I am a libertarian, and I love this book. With enemies like Cohen, libertarians don't need friends! Cohen's arguments here are two-fold: First, he wants to argue against libertarianism, or, more specifically, Nozick; secondly, he wants to justify doing so to his liberal and left wing philosophical colleagues. This requires his showing why libertarianism needs to be taken seriously. As an exempler of this dichotomy, there are Cohen's two chapters on a basic premise of libertarian arguments, self-ownership. The first chapter is made up of several arguments as to why the notion of self-ownership is appealing, coherent, and has content; it not only defends self-ownership as being coherent against Kant, and possessing content against Dworkin, but also the thesis that, if people own themselves, then they cannot be forced to help others, and forcing them, via taxation, to help others as a condition of helping themselves undermines that self-ownership.
But the next chapter turns away from criticising the left to criticising libertarian arguments. Cohen argues that libertarians are wrong to argue that taxation is slavery, or that arguments used to support redistributive taxation undermines self-ownership. He also argues that Nozick's appeal to Kantianism can't support the thesis of self-ownership, and neither can pleas for personal autonomy. He notes that only one argument from Nozick can go through, and that is that taxation undermines self-ownership, as explained above. But, Cohen says, Nozick can't really support that position, since he favours courts and police in his minimal state.

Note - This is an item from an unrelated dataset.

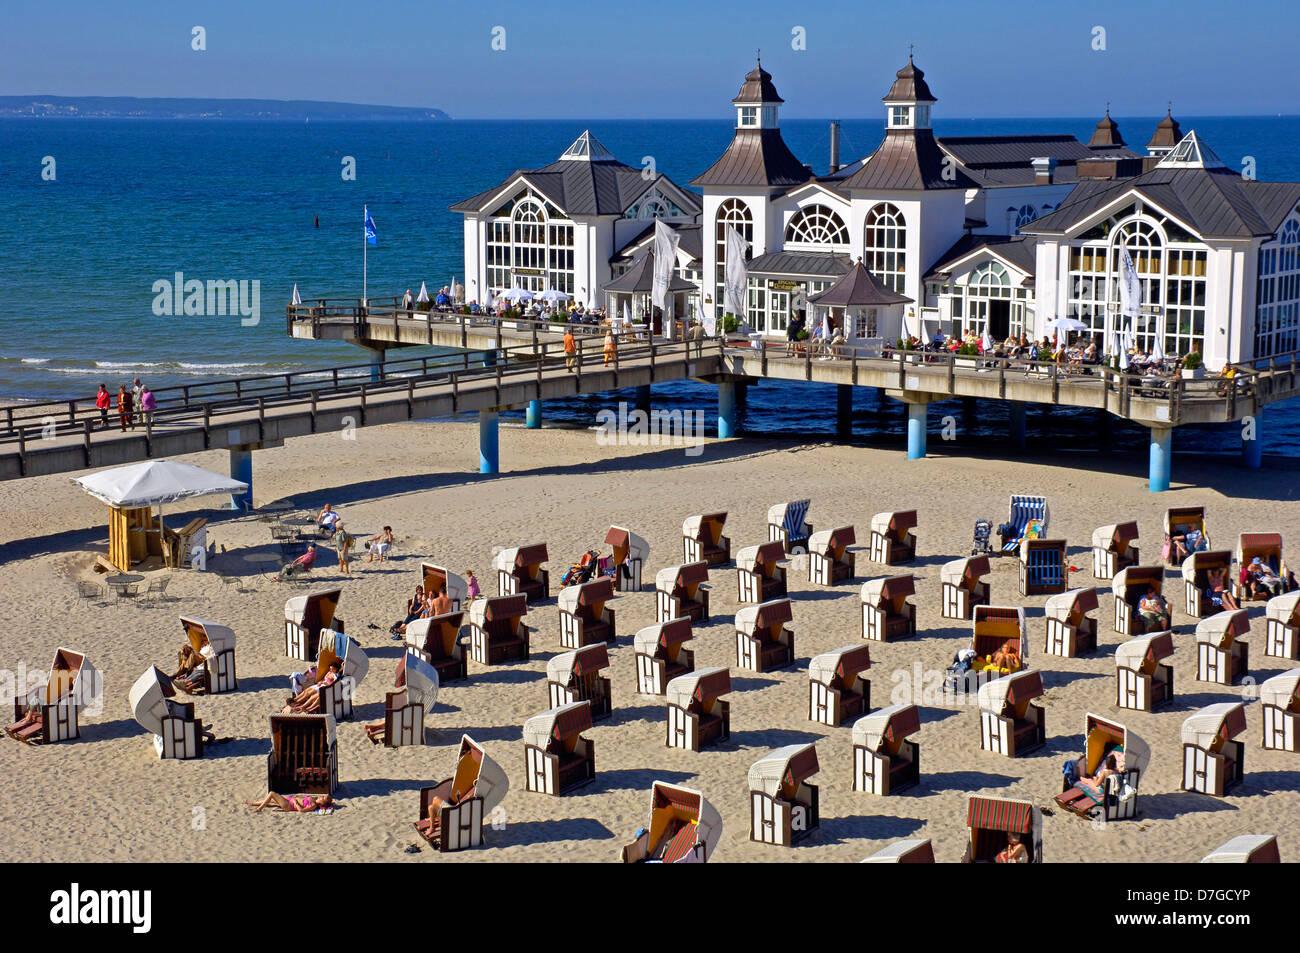 Deutschland, Mecklenburg-Vorpommern, Insel Ruegen, Sellin, Seebruecke, Ostsee - Stock Image

And that is one of the benefits of Cohen to libertarians - many of such counter arguments are very weak: Nozick did support a minimal state providing courts and police and national defense. But nowhere in his libertarian workd did he defend taxation to fund that minimal state, and even if he did, many libertarians don't - Cohen's argument here shows that commitment to self-ownership should commit you to radical libertarianism, ie, voluntary statism, or market anarchism.
In all, Cohen is essential reading for any student of libertarianism, either for or against it, since he provides great and tough arguments against libertarianism for opponents of it, whilst also providing tools and arguments for libertarians to refine their own arguments and their own positions against their opponents.